DESCRIPTION OF THE TASK >> Every line below should come back exactly as written, though the pictures stay out.

SUPPLIED DATA >>
--*--

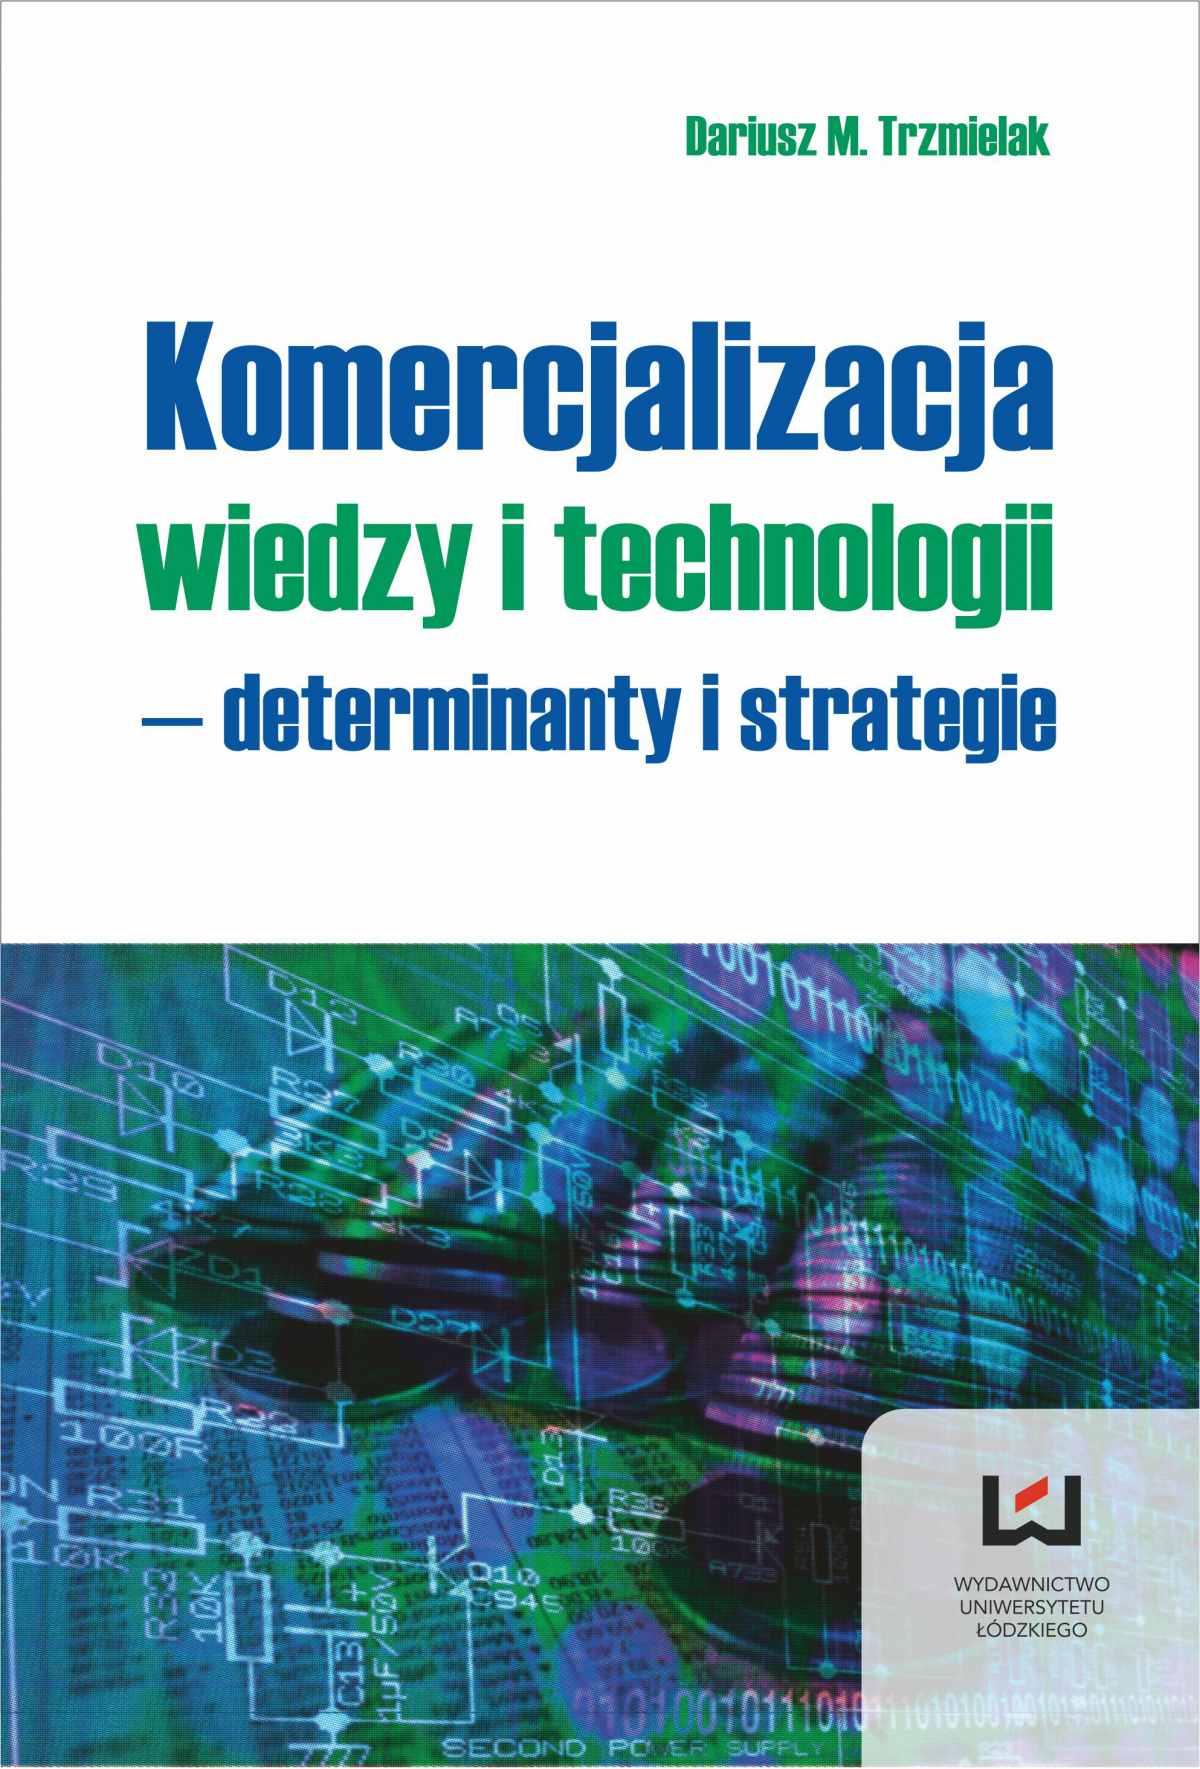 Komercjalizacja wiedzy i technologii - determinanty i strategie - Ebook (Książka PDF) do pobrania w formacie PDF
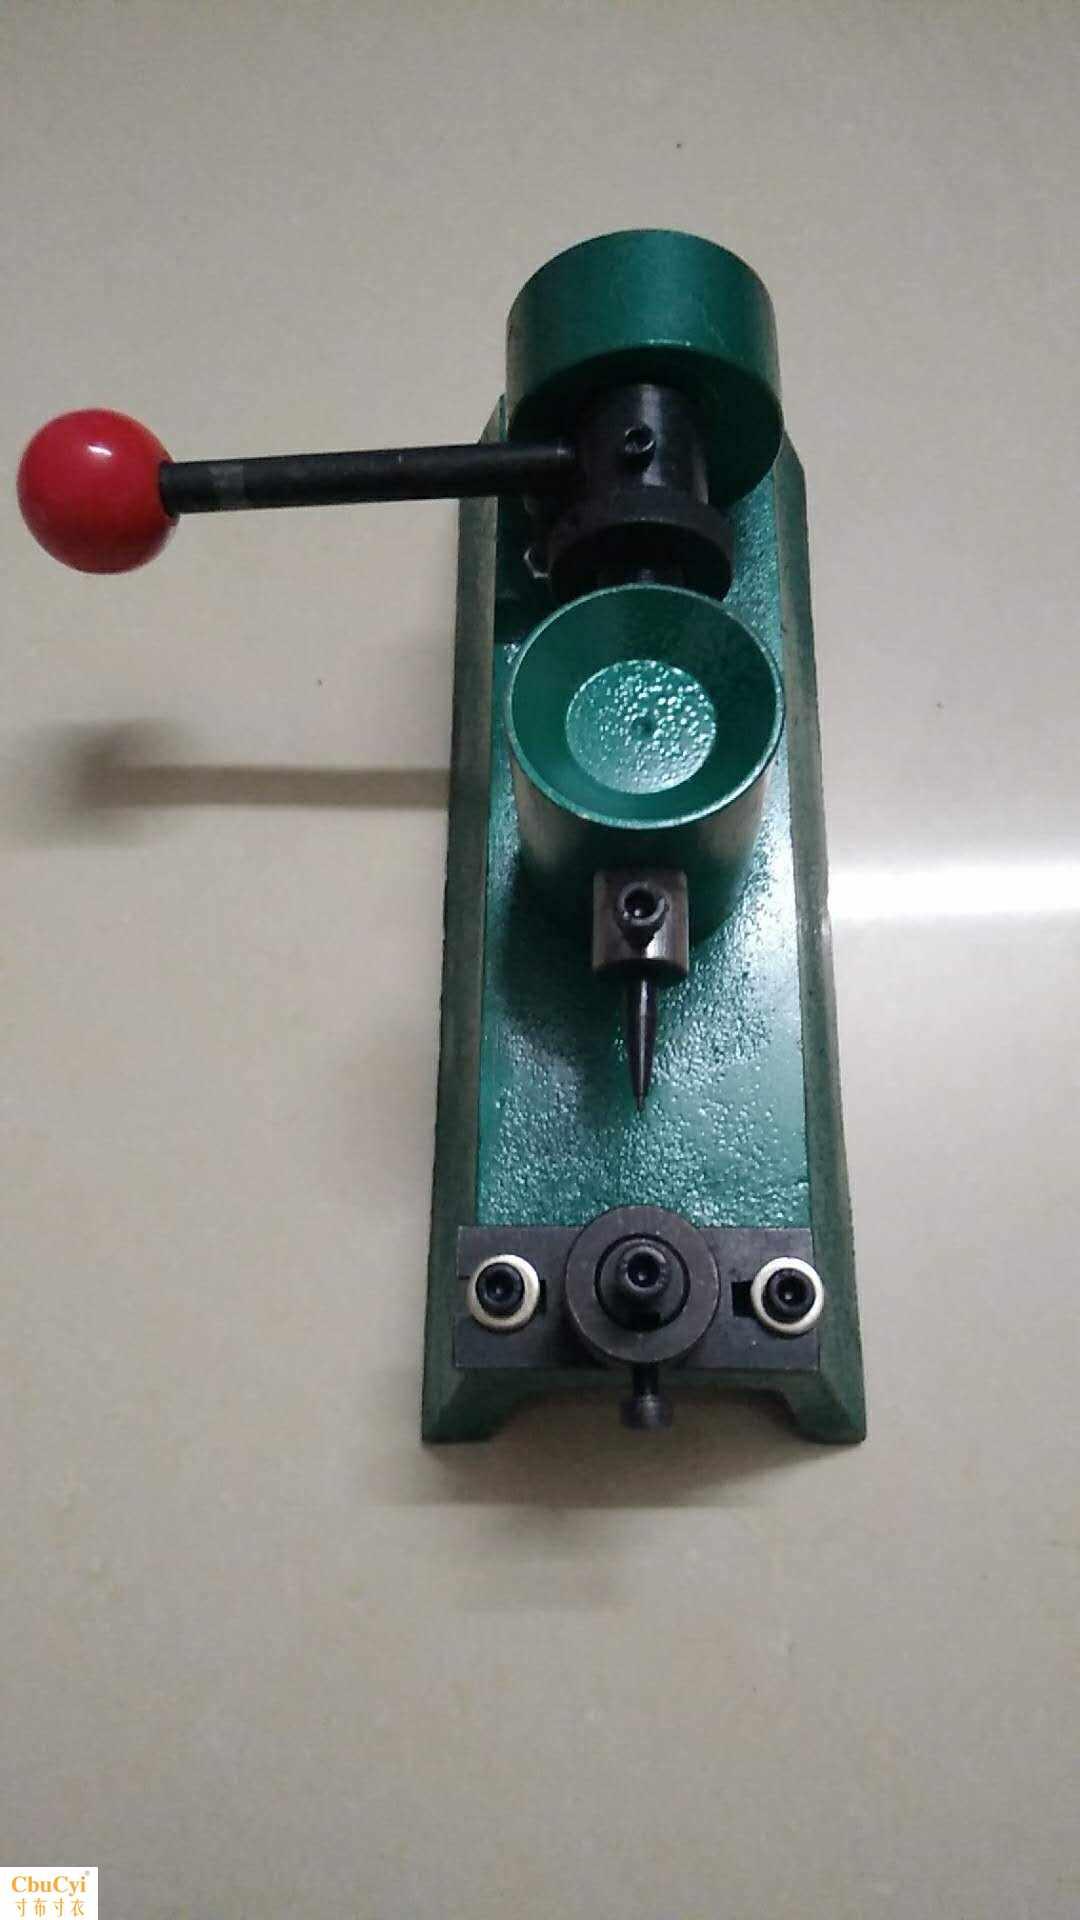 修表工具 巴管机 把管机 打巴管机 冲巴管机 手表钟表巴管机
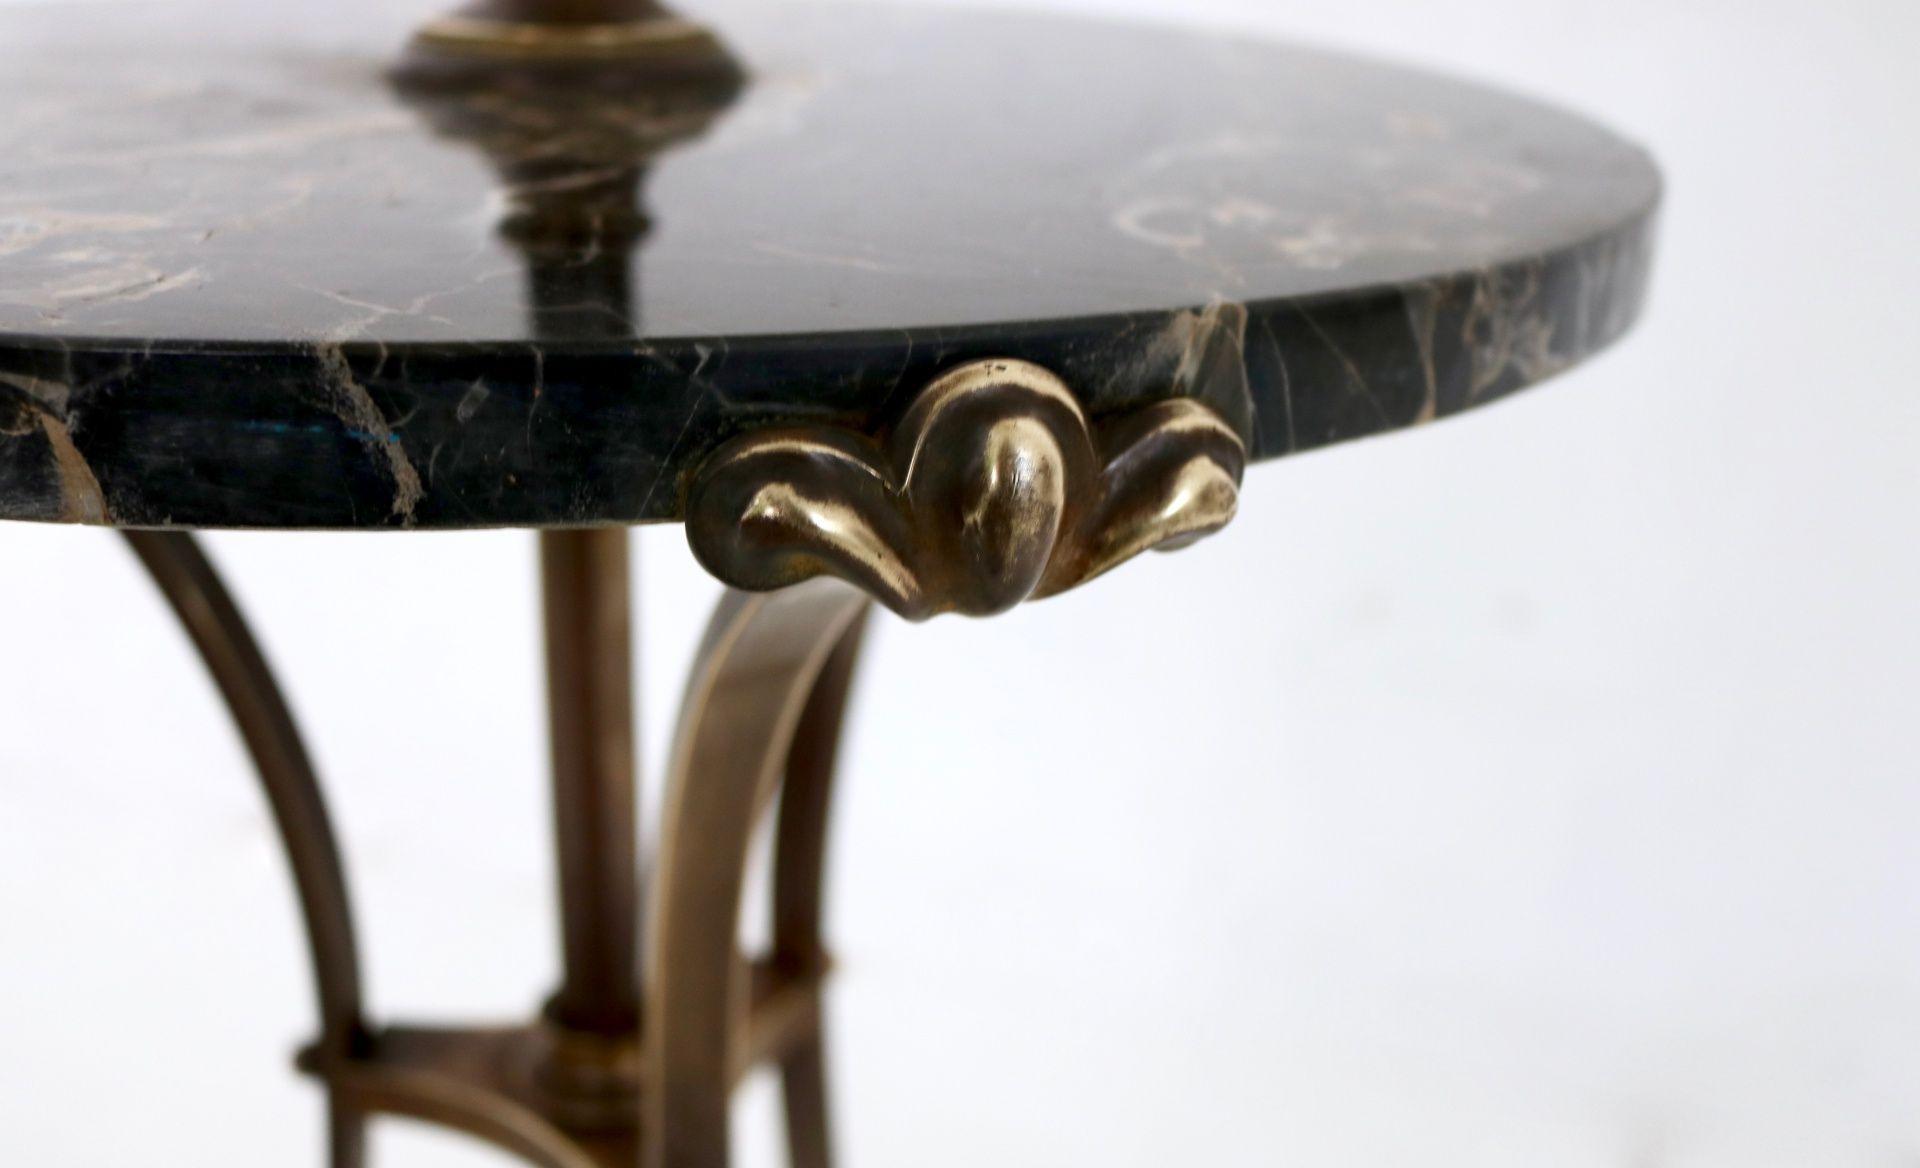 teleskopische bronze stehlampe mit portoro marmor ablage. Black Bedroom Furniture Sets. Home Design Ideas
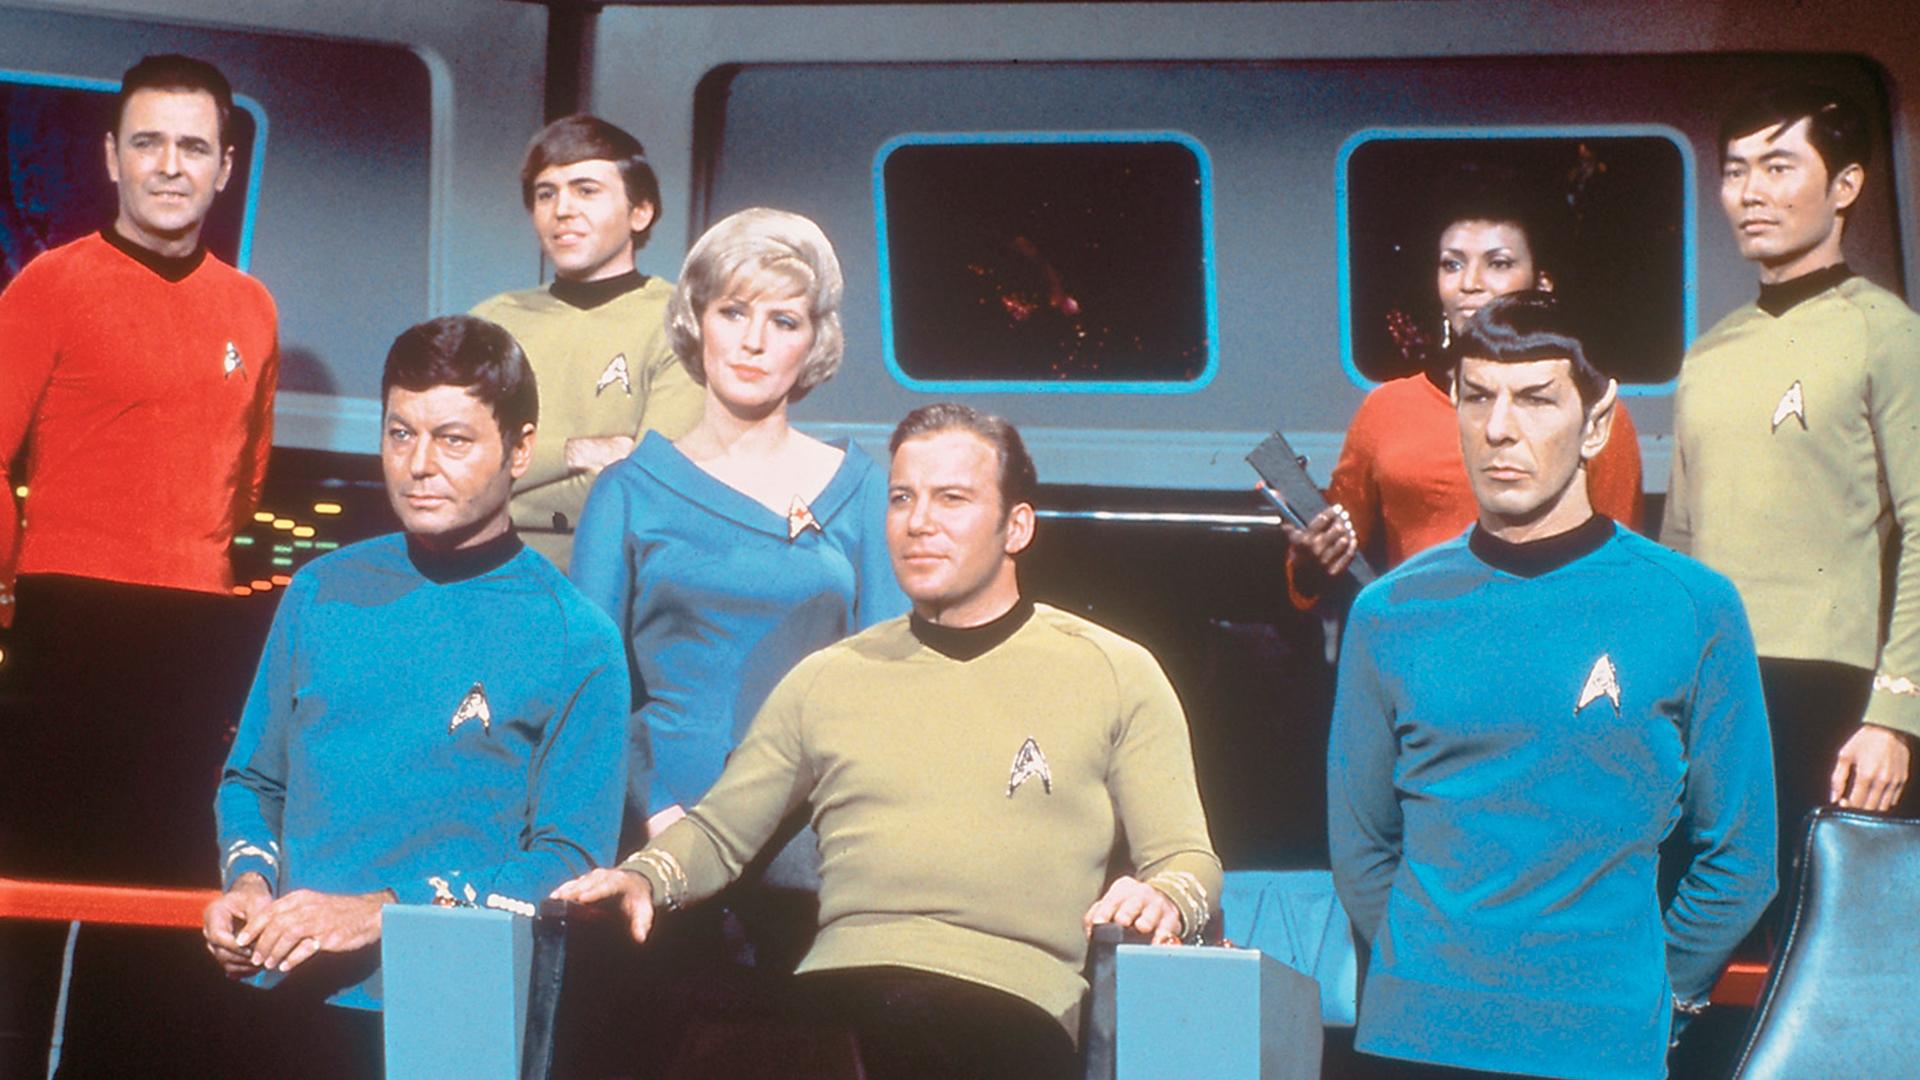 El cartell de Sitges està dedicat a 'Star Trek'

--*--

RESULT >>
 Komercjalizacja wiedzy i technologii - determinanty i strategie - Ebook (Książka PDF) do pobrania w formacie PDF
 修表工具 巴管机 把管机 打巴管机 冲巴管机 手表钟表巴管机
 teleskopische bronze stehlampe mit portoro marmor ablage. Black Bedroom Furniture Sets. Home Design Ideas
 El cartell de Sitges està dedicat a 'Star Trek'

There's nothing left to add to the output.